[EXERCISE GOAL]:
Keep the images out while you set down the data exactly.

[PROVIDED DATA]:
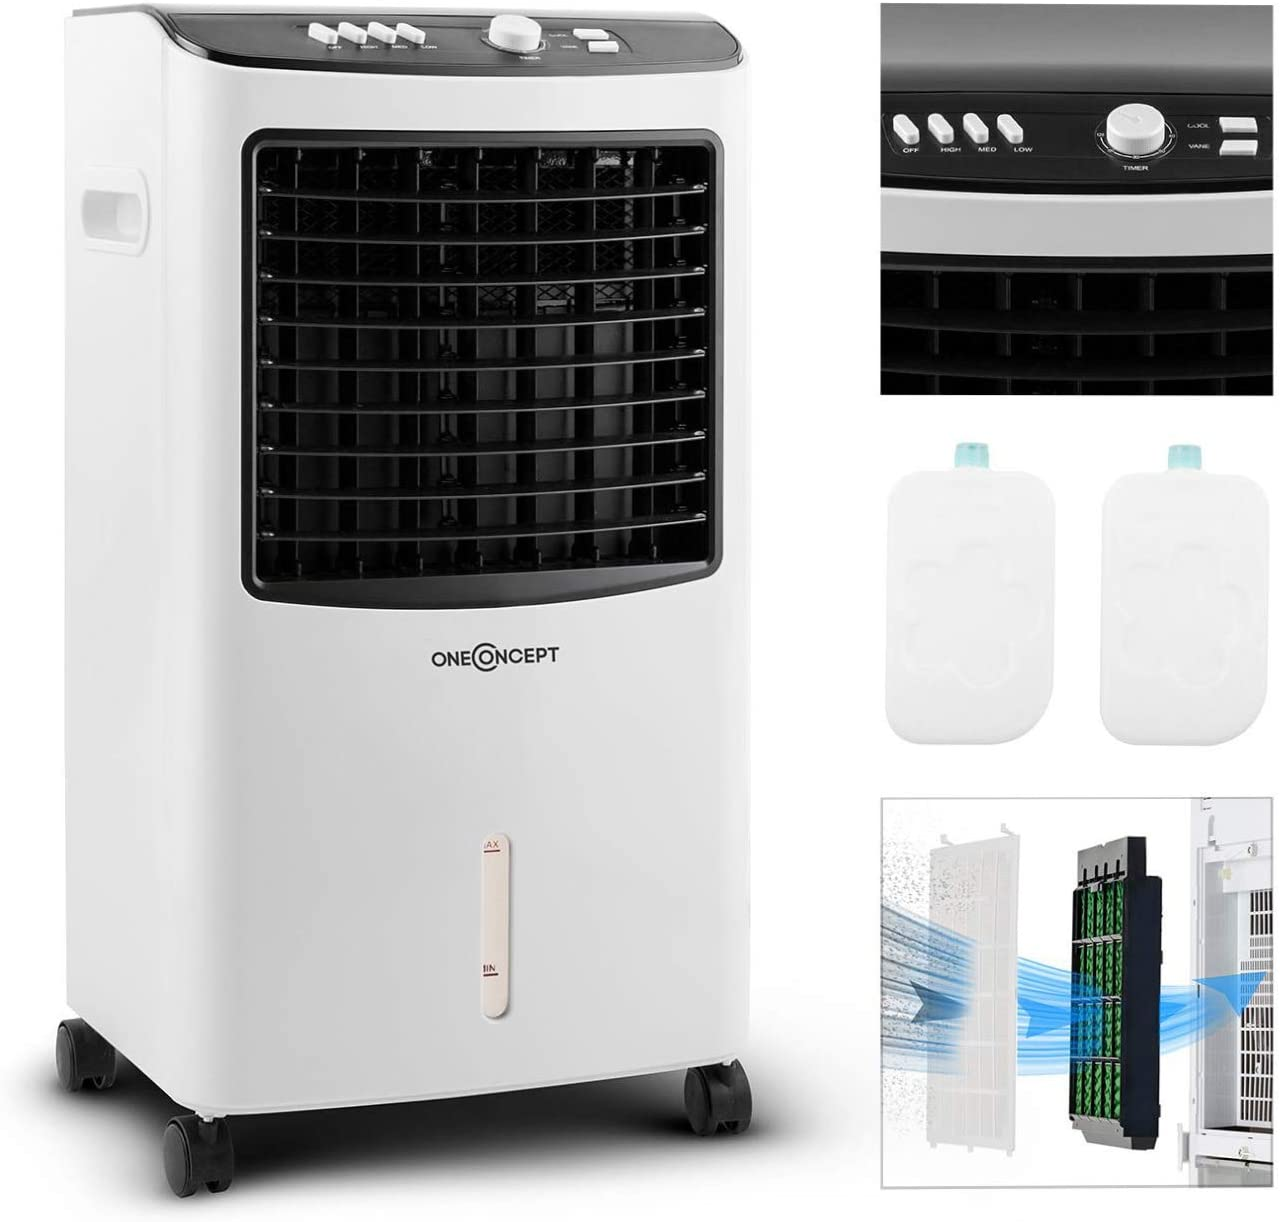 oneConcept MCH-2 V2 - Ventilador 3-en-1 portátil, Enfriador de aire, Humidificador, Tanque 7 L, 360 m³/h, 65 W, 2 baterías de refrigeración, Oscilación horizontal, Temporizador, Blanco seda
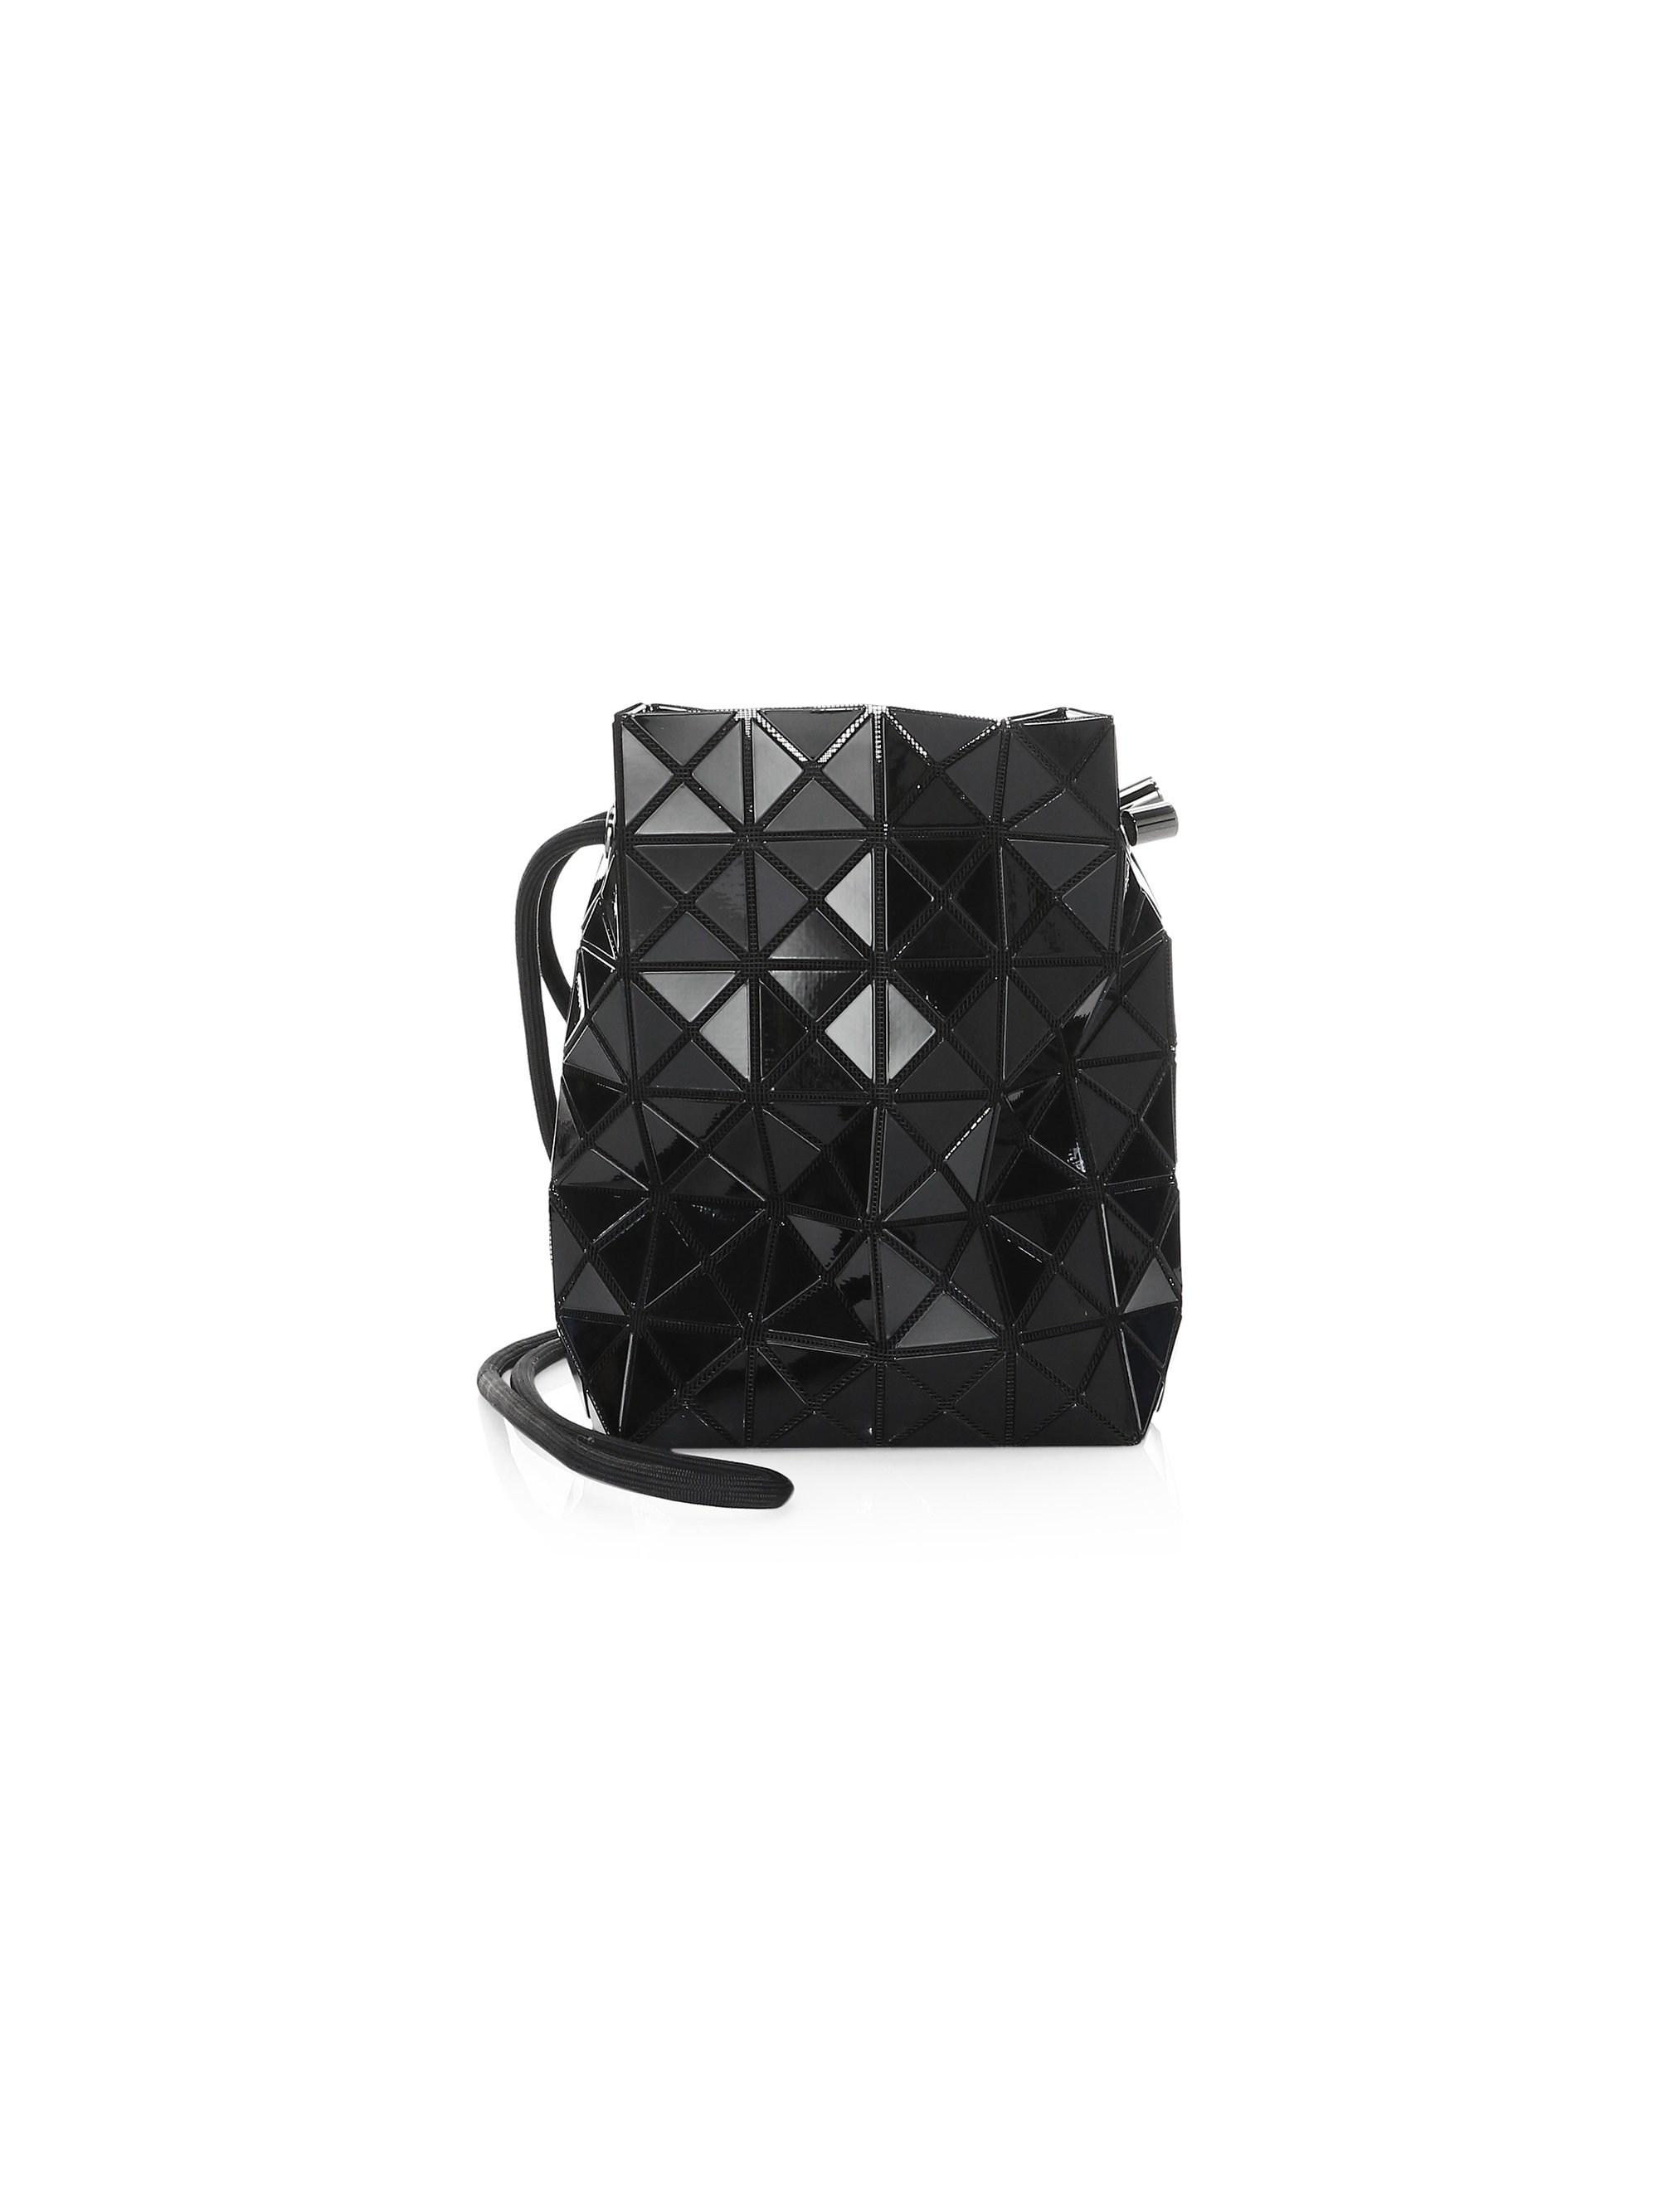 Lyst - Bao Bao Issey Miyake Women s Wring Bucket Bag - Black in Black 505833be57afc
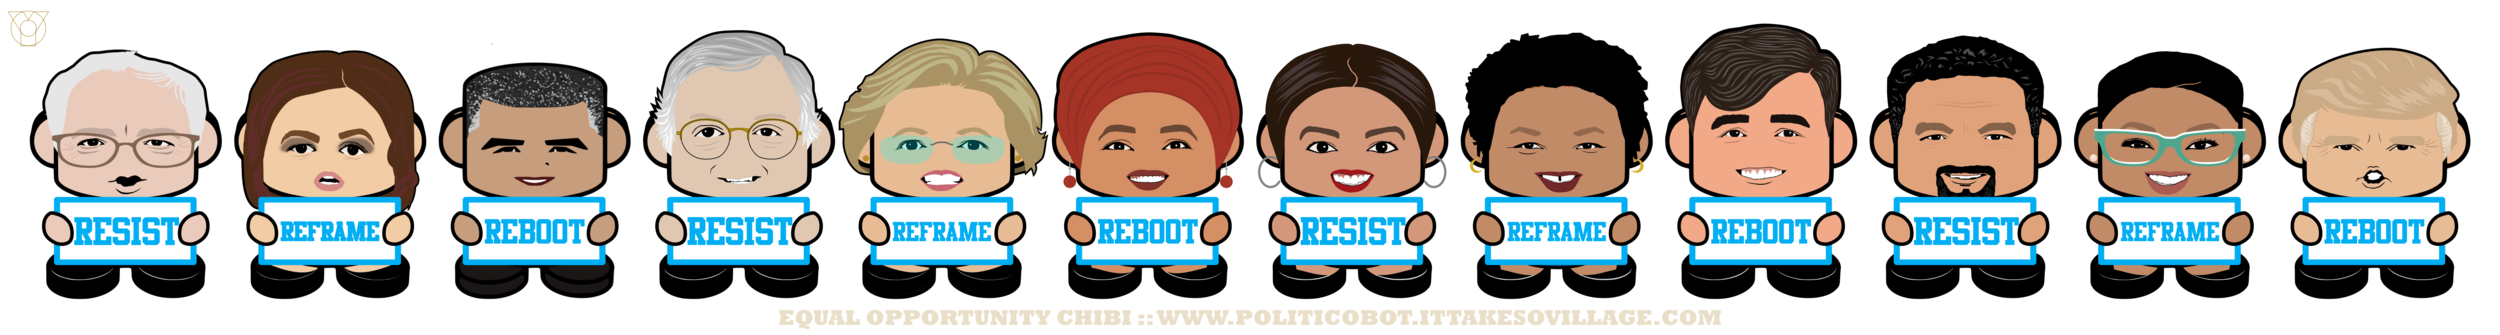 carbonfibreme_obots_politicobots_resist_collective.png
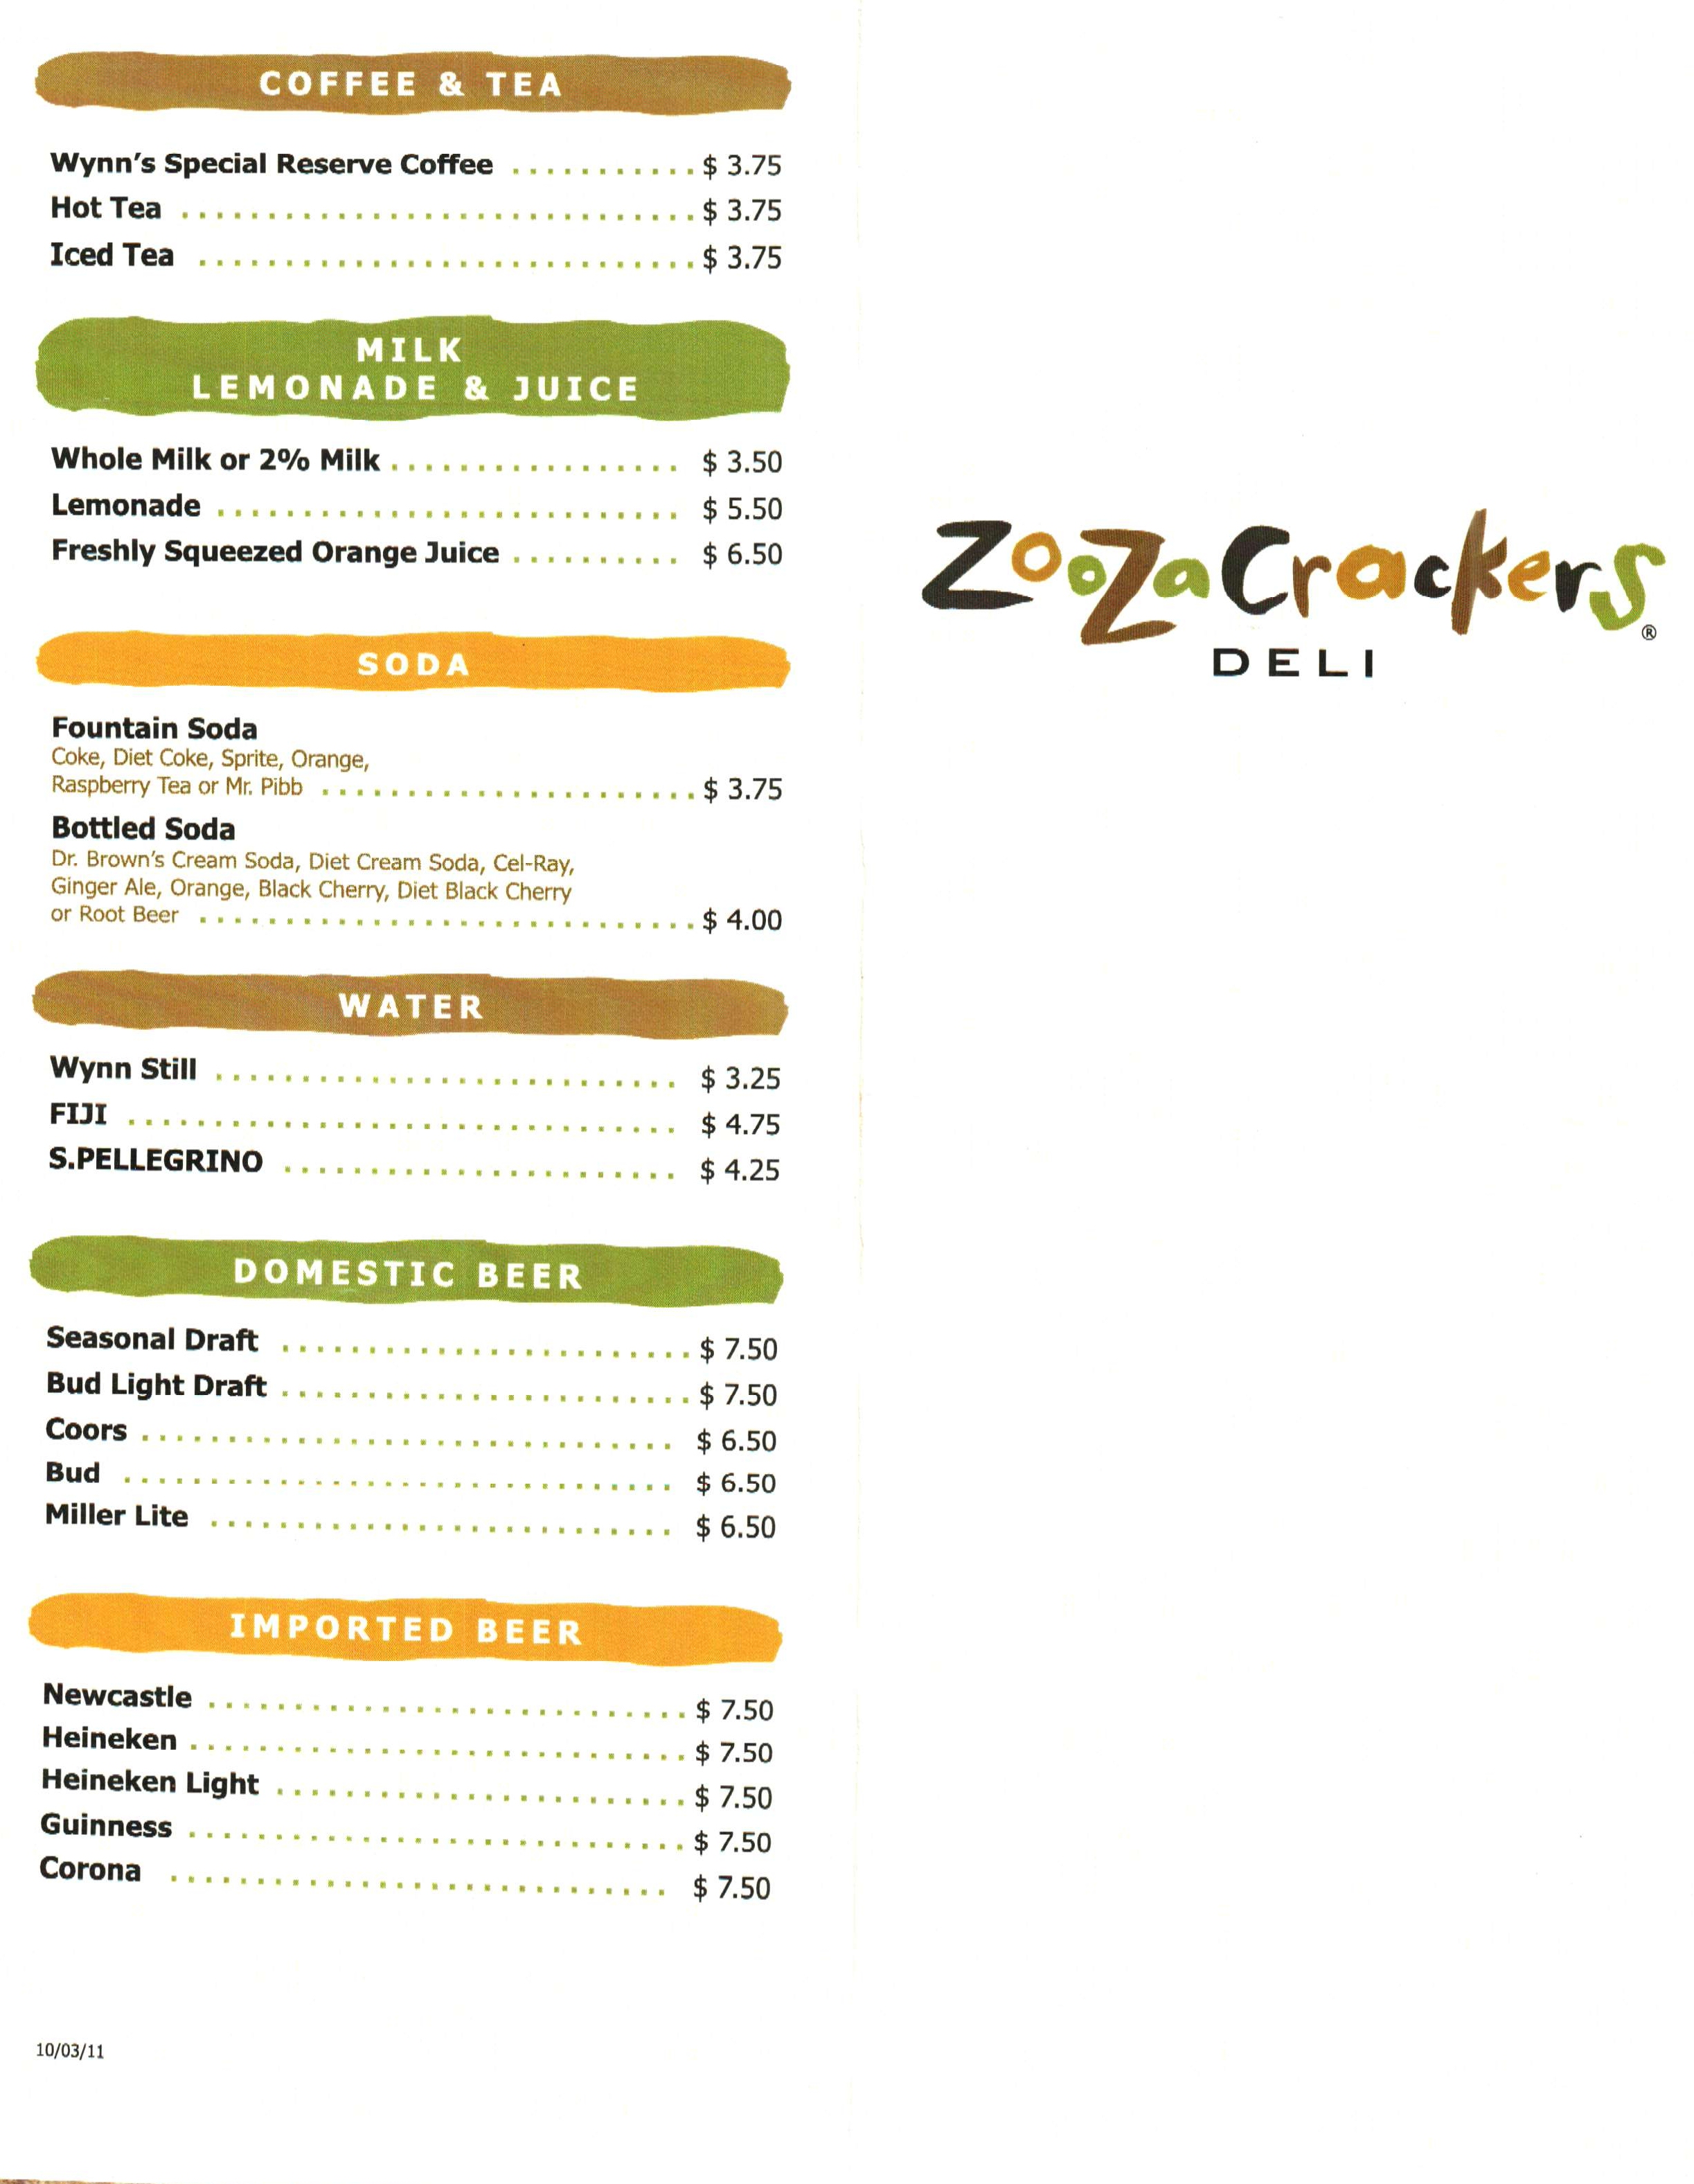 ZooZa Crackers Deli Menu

[WRITTEN RESPONSE]:
 oneConcept MCH-2 V2 - Ventilador 3-en-1 portátil, Enfriador de aire, Humidificador, Tanque 7 L, 360 m³/h, 65 W, 2 baterías de refrigeración, Oscilación horizontal, Temporizador, Blanco seda
 Lyst - Bao Bao Issey Miyake Women s Wring Bucket Bag - Black in Black 505833be57afc
 carbonfibreme_obots_politicobots_resist_collective.png
 ZooZa Crackers Deli Menu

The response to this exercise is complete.